A Locarno ecco la nuova «casa» per la flotta di autobus elettrici

Le ruspe sono in azione a Locarno, nella zona di Riazzino, nelle vicinanze dell’omonima stazione ferroviaria in pieno territorio della Città e dove un tempo c'era la General Electric. È qui che, tra un paio d’anni, sorgerà la «casa» destinata alla nuova flotta di autobus elettrici (prima la linea 1, poi progressivamente le altre, dalla scala urbana a quella regionale) operata dalla locale compagnia di trasporto pubblico Ferrovie autolinee regionali ticinesi. In tutto, 26 milioni d’investimento - finanziati da Cantone e Confederazione - per 4.000 metri quadrati di struttura dedicati a un deposito-officina e ai quali se ne aggiungono altri 500 per uno stabile di servizio. Qui, nel 2027 e dopo quasi un decennio di progettazione, ci sarà una serie di aule di formazione e altri spazi pensati per il personale.


Una ventina di posti
La posa della prima pietra è l’occasione per ribadire non solo l’importanza strategica della tanto agognata soluzione, ma anche le difficoltà che si sono frapposte lungo il percorso, tra i vari siti valutati inizialmente (Come a Avegno o a Ascona) e i ricorsi: tutti elementi che hanno contribuito ad allontanare una prima scadenza individuata a suo tempo già per il 2025.
«Saranno una ventina gli articolati in rimessa», dice al Corriere del Ticino Erik Fregni, capo del dipartimento tecnico della Fart, mentre per la parte di manutenzione meccanica avremo a disposizione tre corsie di lavoro che possono ospitarne ognuna due o tre, a dipendenza della loro lunghezza. Ciò significa che potremo eseguire lavori in contemporanea su sei veicoli dei sessanta totali. E senza contare quelli di lunga durata, ad esempio la sostituzione di interni o interventi di carrozzeria, che impongono un fermo di alcuni giorni».
Occorre cambiare
Le aree non manderanno tuttavia in pensione quelle già in uso. «La soluzione odierna risale ormai agli anni Sessanta, quando avevamo una ventina di elementi, che non erano nemmeno articolati. Oggi ne contiamo tre volte di più e la situazione logistica si complica, oltre a essere sempre meno adeguata. Certo, con questo impianto libereremo dello spazio che potremo sfruttare per ridistribuire i mezzi a Sant’Antonio, che sono piuttosto “compattati”. Inoltre, una serie di controlli tecnici come la prova dei freni o la regolazione delle luci potrà essere fatta sotto lo stesso tetto, evitando gli spostamenti da un capannone all’altro come succede attualmente», aggiunge il 56.enne».

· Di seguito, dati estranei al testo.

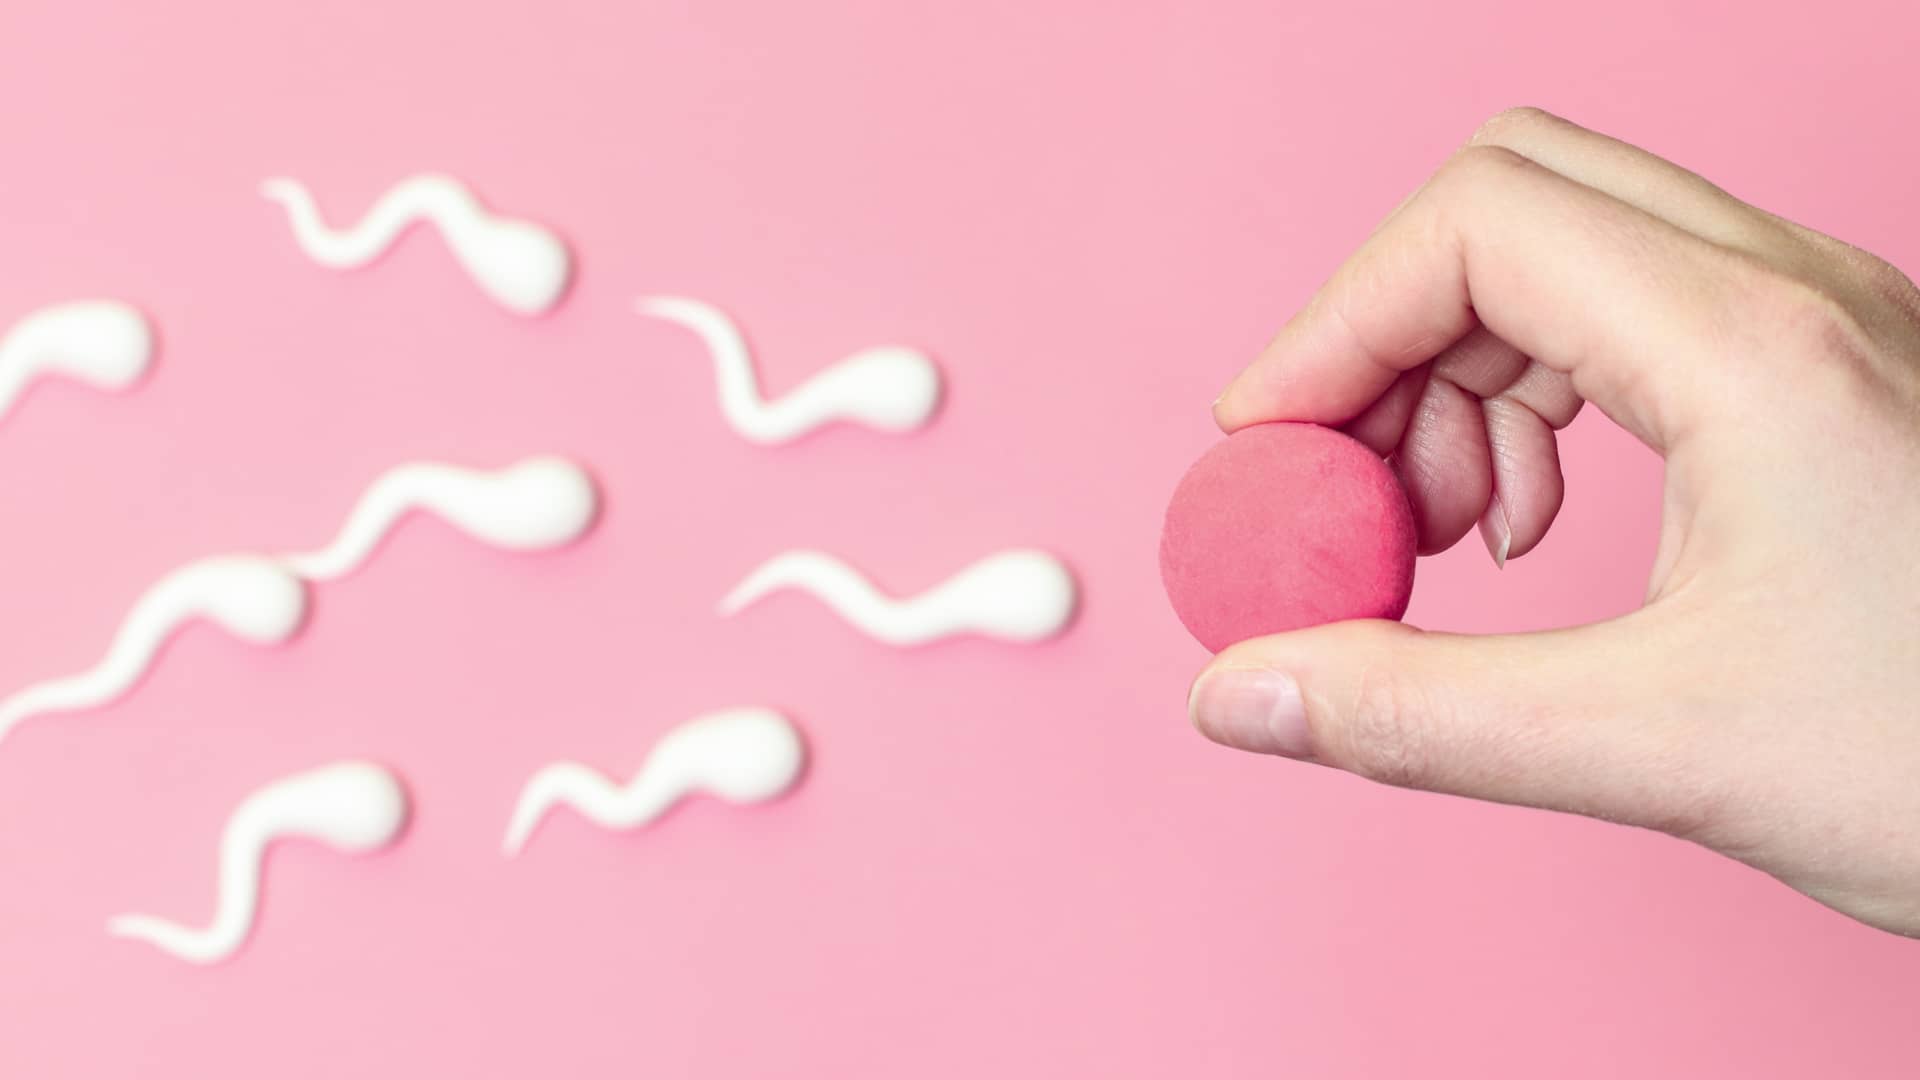 Concepto de la tasa de exito en la inseminación artificial explicado con espermatozoides corriendo hacia un ovulo que esta sinedo sujetado por una mano

Un cammino avviato nel 2017
Gli fa eco il presidente del Consiglio d’amministrazione della società, Paolo Caroni: «È un importante capitolo che prosegue un cammino avviato nel 2017, quando avevamo tracciato una serie di tappe per guardare al futuro, in seguito a un’approfondita analisi dell’azienda. Abbiamo così rinnovato il parco su gomma e acquistato i convogli appena inaugurati sulla ferrovia trasfrontaliera verso Domodossola», afferma il 54.enne.
Un segnale d’approvazione arriva anche dal Dipartimento del territorio. In un comunicato, il direttore Claudio Zali, invitato ma che non ha potuto essere presente all’evento, evidenzia la tendenza all’abbandono del carburante «classico» per abbracciare una tecnologia emergente e priva di emissioni non solo nel mondo del traffico privato, ma pure nel caso degli operatori che muovono ogni giorno migliaia di persone. A tal proposito, la sede «sarà dotata di pannelli fotovoltaici, che permetteranno la ricarica», si legge nella nota, che attribuisce la dichiarazione al Consigliere di Stato.
Certificato Minergie
Infine, alcune riflessioni - prima della classica foto di rito con tanto di pala, casco e gilet - di Paolo Canevascini, portavoce del gruppo di progettazione canevascini&corecco e delorenzi la rocca architetti: «L’edificio sarà certificato Minergie, a conferma della sua impronta sostenibile. Per sviluppare l’elaborato (fra l’altro intitolato «Urbino_18», come a richiamare uno dei modelli di torpedone in uso alla ditta, quello della polacca Solaris, ma ci sono anche Man, Mercedes e Iveco, ndr). Ci siamo confrontati con un tema inusuale, ossia collocare una grande costruzione tecnica in un’area periferica e complessa, trovando un equilibrio tra esigenze funzionali e vocazione pubblica».